Diese apologetische Sicht, die sich überall in der Debatte zeigt, verwandelt die Verteilungsforschung in eine Angelegenheit zur Rechtfertigung der bestehenden kapitalistischen Verhältnisse, die als grundsätzlich gut und unveränderbar dargestellt werden. Zentrale Begriffe, die in diesem Zusammenhang interessieren müssten, werden ausgeblendet, Bestehendes als gleichsam natürlich dargestellt.

Was ist Kapital?

Zentraler Begriff jeder Verteilungsdiskussion ist das Kapital einschließlich der entsprechenden Einkommen. Piketty bestimmt es zunächst als die »Gesamtheit der nichthumanen Aktiva, die auf einem Markt besessen und ausgetauscht werden können.« Dazu zählt er »die Gesamtheit des Immobilienkapitals (Grundstücke, Häuser), das Wohnzwecken dient, und des Geld- und gewerblichen Kapitals (Gebäude, Ausrüstungen, Maschinen, Patente usw.), das von den Unternehmen und der öffentlichen Hand genutzt wird.« (8)

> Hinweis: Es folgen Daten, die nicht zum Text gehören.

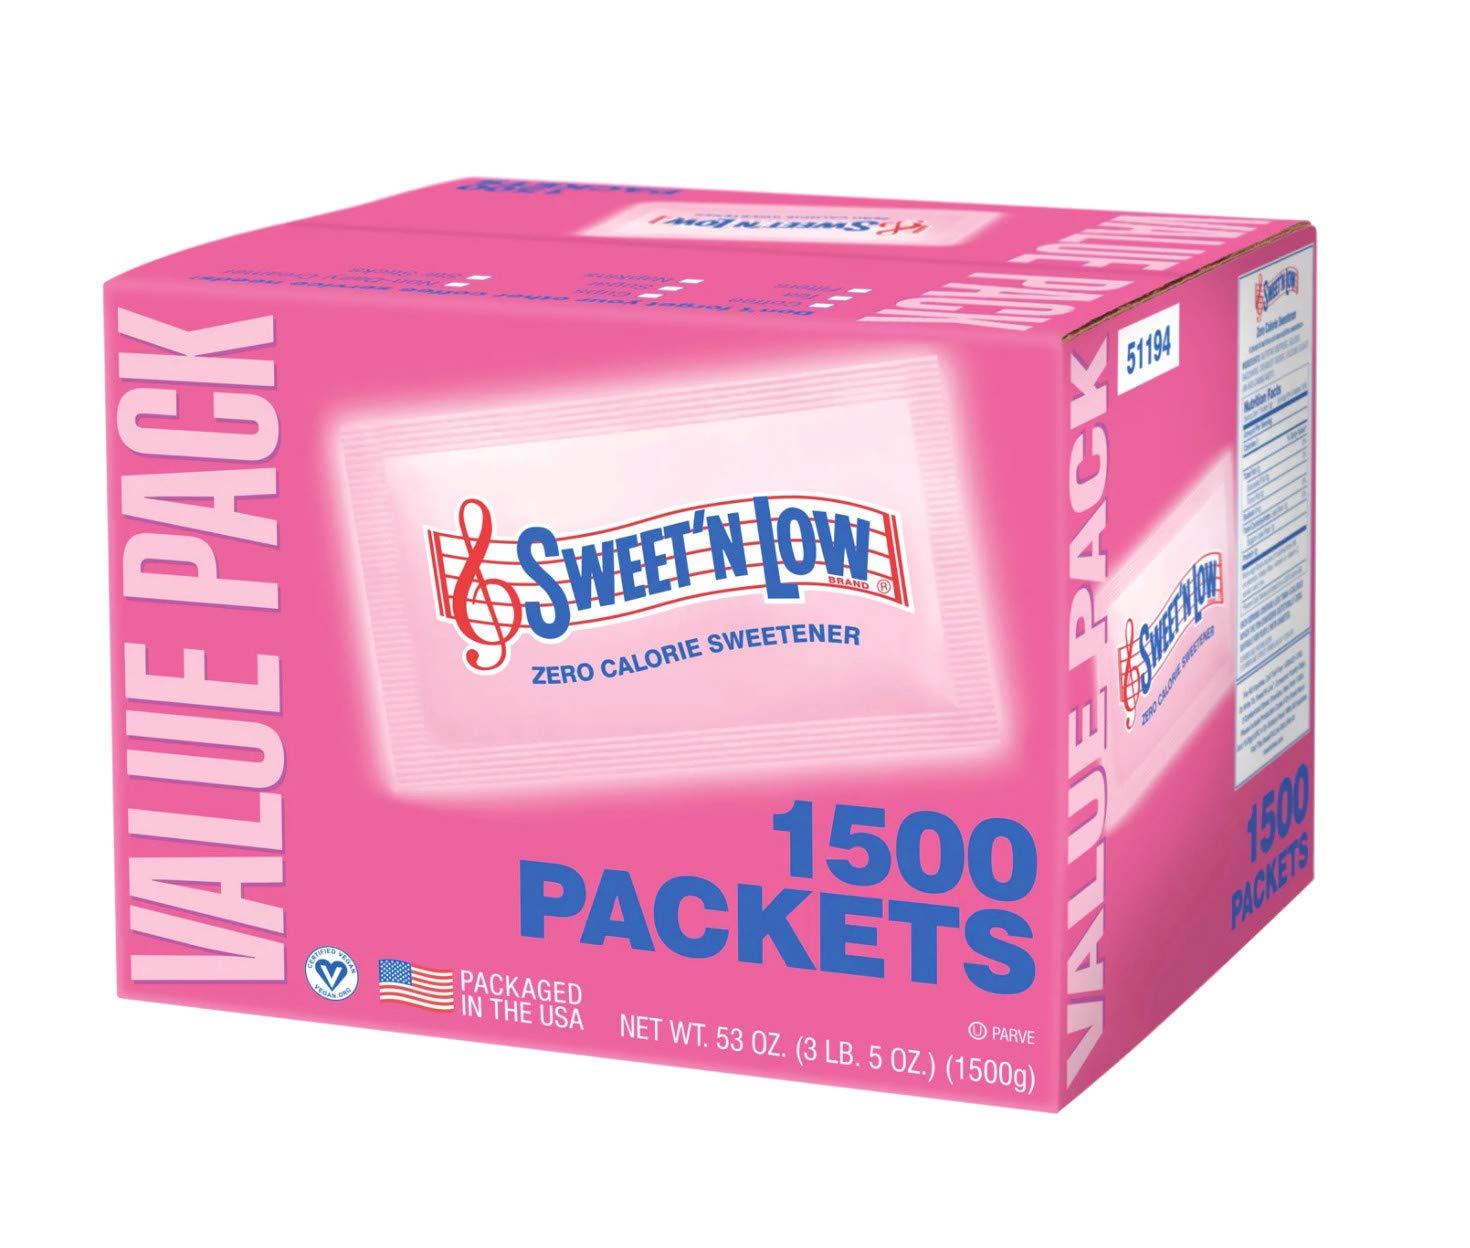 Sweet & Low sugar substitute (Case of 1500)

Indem Piketty das Kapital vom Standpunkt des Marktes aus definiert, rückt er es in die Nähe des Vermögens; beides wird von ihm gleichgesetzt. Wie jedes andere am Markt gehandelte Vermögen steht nun das Kapital außerhalb der Produktion. Es ist auf Dinge (Immobilien, Maschinen, Anlagen), Rechte (Patente), Eigentums- oder Schuldtitel reduziert, die Kapitaleinkommen abwerfen. Indem der Zusammenhang zum Produktions- und damit Wertschöpfungsprozess ausgelöscht ist, entsteht der Schein, es würden diese Kapitalformen aus sich selbst heraus die Einkommen hervorbringen. Umgekehrt kann Piketty vom Standpunkt des Marktes aus die Einkommen aus Unternehmertätigkeit nicht mehr mit dem Kapital und den in der Produktion notwendigen Kapitalfunktionen in Verbindung bringen. Die Gehälter von Spitzenmanagern definiert er als Arbeitseinkommen, stellt sie also nicht mit dem Profit, sondern mit dem Lohn in einen Zusammenhang. Aus dieser Sicht wird die Lohnhierarchie eine eigenständige Quelle der Einkommensungleichheit und scheinbar unabhängig vom Kapital.

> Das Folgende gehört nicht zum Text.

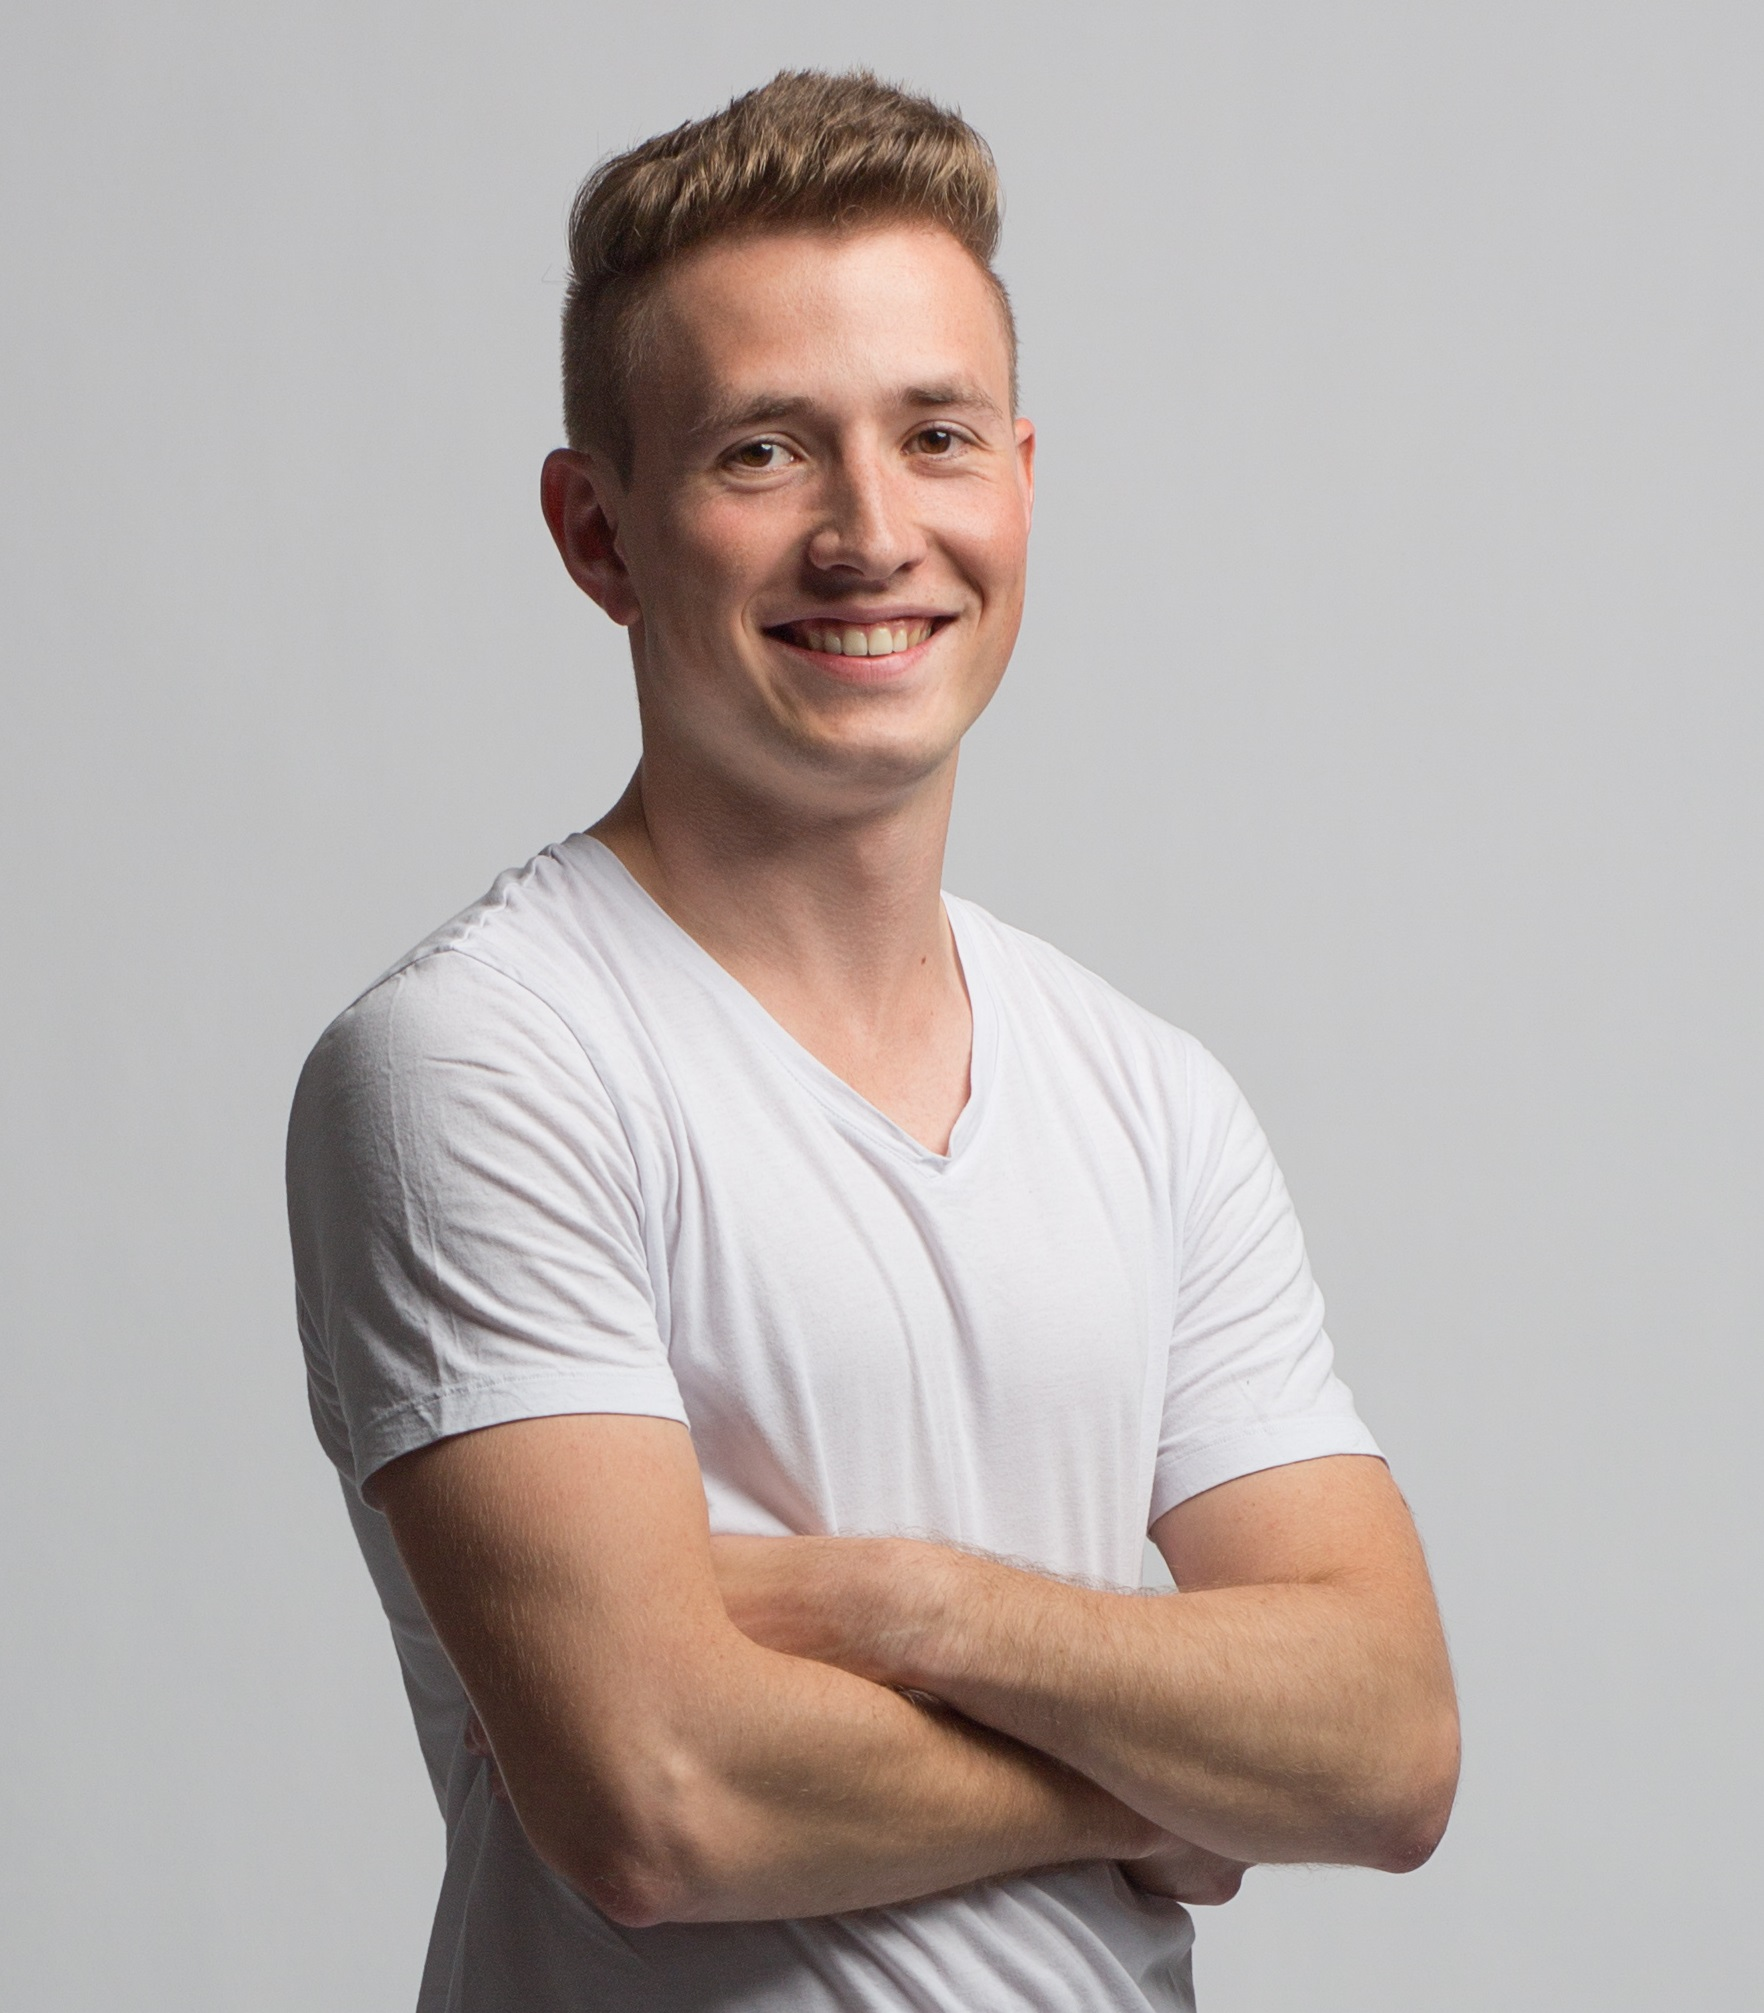 SEO-Experte Matthias Ebert

Soziale Ungleichheit ist für Piketty kein Problem, solange sie gerechtfertigt, d. h. im »allgemeinen Nutzen« liegt. Um zu bestimmen, was denn ein legitimes Verteilungsverhältnis sei, muss er allerdings den Marktstandpunkt kurzzeitig aufgeben und das Kapital als einen »Produktionsfaktor« betrachten. Würde es »nichts leisten«, so seine Meinung, gäbe es keine Rendite. Die Kapitalrendite muss »genau gleich der ›Grenzproduktivität‹ des Kapitals sein (das heißt dem Beitrag einer zusätzlichen Kapitaleinheit zum Produktionsprozess)«. (9) Das Kapital bekommt also unter normalen Umständen exakt ebenso viel, wie es »leistet«; seine Einkommen sind gerechtfertigt und damit es selbst.

Soweit die Verteilung mit der Grenzproduktivität des Kapitals korrespondiert, ist Piketty zufrieden. Sie entspräche einer »gerechten Gesellschaft«, die nichts anderes darstellt als die Normalgestalt des Kapitalismus. Dass diese Rechtfertigungslehre längst widerlegt ist, weil Kapital – hier stofflich aufgefasst – wegen der Heterogenität der Gebrauchswerte einfach nicht aggregierbar ist, hat Piketty trotz seiner gelegentlich kritischen Sicht der ökonomischen Theorie noch nicht einmal angesprochen.

Mit einem vergleichbaren Argument werden die unterschiedlich hohen Löhne, darunter die Unternehmenslöhne, grundsätzlich gerechtfertigt. Wie das Kapital durch eine zusätzliche Einheit das eigene Einkommen kreiert, also entsprechend seines Beitrags zur Produktion entlohnt wird, soll auch »der Lohn eines bestimmten Beschäftigten seiner Grenzproduktivität (entsprechen).« (10)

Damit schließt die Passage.